WORK INSTRUCTIONS
Transcribe, word for word and without additions, each line below from the one containing "Les rues colorées de stavanger norvège" through the one containing "Le lac de Côme, Italie", both ends included.
*** THE DATA ***
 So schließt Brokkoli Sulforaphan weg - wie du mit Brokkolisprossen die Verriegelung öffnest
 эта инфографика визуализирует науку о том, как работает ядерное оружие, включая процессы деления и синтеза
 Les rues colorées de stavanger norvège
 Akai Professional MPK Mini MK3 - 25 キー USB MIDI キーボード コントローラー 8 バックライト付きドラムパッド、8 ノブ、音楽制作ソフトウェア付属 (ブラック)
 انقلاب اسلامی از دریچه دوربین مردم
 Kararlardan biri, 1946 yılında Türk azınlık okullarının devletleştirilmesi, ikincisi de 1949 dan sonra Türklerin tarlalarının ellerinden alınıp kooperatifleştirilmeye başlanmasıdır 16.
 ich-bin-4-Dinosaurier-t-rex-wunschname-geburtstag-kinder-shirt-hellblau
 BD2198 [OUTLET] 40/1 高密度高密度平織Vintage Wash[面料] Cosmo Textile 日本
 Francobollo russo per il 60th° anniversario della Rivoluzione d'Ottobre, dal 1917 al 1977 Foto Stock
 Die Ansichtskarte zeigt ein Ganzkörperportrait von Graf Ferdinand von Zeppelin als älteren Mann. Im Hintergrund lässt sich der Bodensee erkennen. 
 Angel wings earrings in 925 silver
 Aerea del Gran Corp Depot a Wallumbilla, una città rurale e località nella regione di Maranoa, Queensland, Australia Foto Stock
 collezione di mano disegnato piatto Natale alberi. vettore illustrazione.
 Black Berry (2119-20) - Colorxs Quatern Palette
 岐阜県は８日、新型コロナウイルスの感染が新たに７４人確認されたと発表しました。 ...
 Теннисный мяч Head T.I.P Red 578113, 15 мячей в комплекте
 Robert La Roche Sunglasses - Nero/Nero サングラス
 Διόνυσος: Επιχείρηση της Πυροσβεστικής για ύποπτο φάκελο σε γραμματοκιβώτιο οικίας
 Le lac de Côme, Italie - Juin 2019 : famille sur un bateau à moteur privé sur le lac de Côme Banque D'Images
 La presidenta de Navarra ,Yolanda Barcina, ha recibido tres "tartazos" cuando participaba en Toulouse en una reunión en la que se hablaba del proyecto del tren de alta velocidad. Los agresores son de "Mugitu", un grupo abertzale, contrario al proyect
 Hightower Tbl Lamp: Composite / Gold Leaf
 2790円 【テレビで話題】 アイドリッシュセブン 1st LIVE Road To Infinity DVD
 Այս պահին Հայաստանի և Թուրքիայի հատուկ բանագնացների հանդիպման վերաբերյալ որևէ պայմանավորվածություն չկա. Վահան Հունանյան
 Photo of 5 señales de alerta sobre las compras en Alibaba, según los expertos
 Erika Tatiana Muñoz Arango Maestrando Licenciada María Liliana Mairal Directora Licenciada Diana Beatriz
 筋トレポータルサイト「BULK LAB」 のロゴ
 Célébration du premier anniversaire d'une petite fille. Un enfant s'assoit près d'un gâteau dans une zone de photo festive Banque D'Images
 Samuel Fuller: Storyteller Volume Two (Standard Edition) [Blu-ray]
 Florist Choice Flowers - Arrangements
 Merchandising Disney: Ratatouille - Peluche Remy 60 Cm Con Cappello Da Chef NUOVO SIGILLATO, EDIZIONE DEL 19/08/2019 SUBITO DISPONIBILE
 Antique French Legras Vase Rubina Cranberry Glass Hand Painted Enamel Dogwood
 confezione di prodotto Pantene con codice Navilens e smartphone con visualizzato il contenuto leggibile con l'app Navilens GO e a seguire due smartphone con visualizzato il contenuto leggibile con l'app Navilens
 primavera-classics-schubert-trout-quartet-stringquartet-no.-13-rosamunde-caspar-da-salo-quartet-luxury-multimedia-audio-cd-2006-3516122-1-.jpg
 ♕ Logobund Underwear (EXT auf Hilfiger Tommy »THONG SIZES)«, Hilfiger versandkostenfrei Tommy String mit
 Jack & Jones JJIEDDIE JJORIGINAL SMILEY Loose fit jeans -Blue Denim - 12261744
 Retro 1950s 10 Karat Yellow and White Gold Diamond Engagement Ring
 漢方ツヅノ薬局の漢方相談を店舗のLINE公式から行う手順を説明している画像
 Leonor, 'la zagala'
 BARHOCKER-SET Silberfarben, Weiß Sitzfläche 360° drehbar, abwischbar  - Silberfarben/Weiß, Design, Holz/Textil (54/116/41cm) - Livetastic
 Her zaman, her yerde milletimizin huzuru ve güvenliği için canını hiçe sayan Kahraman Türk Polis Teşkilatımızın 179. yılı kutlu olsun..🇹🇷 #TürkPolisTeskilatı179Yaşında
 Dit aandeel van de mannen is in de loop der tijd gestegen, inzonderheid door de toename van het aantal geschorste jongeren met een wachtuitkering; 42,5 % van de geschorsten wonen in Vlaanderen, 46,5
*** End of THE DATA ***
PROBLEM SOLUTION
 Les rues colorées de stavanger norvège
 Akai Professional MPK Mini MK3 - 25 キー USB MIDI キーボード コントローラー 8 バックライト付きドラムパッド、8 ノブ、音楽制作ソフトウェア付属 (ブラック)
 انقلاب اسلامی از دریچه دوربین مردم
 Kararlardan biri, 1946 yılında Türk azınlık okullarının devletleştirilmesi, ikincisi de 1949 dan sonra Türklerin tarlalarının ellerinden alınıp kooperatifleştirilmeye başlanmasıdır 16.
 ich-bin-4-Dinosaurier-t-rex-wunschname-geburtstag-kinder-shirt-hellblau
 BD2198 [OUTLET] 40/1 高密度高密度平織Vintage Wash[面料] Cosmo Textile 日本
 Francobollo russo per il 60th° anniversario della Rivoluzione d'Ottobre, dal 1917 al 1977 Foto Stock
 Die Ansichtskarte zeigt ein Ganzkörperportrait von Graf Ferdinand von Zeppelin als älteren Mann. Im Hintergrund lässt sich der Bodensee erkennen. 
 Angel wings earrings in 925 silver
 Aerea del Gran Corp Depot a Wallumbilla, una città rurale e località nella regione di Maranoa, Queensland, Australia Foto Stock
 collezione di mano disegnato piatto Natale alberi. vettore illustrazione.
 Black Berry (2119-20) - Colorxs Quatern Palette
 岐阜県は８日、新型コロナウイルスの感染が新たに７４人確認されたと発表しました。 ...
 Теннисный мяч Head T.I.P Red 578113, 15 мячей в комплекте
 Robert La Roche Sunglasses - Nero/Nero サングラス
 Διόνυσος: Επιχείρηση της Πυροσβεστικής για ύποπτο φάκελο σε γραμματοκιβώτιο οικίας
 Le lac de Côme, Italie - Juin 2019 : famille sur un bateau à moteur privé sur le lac de Côme Banque D'Images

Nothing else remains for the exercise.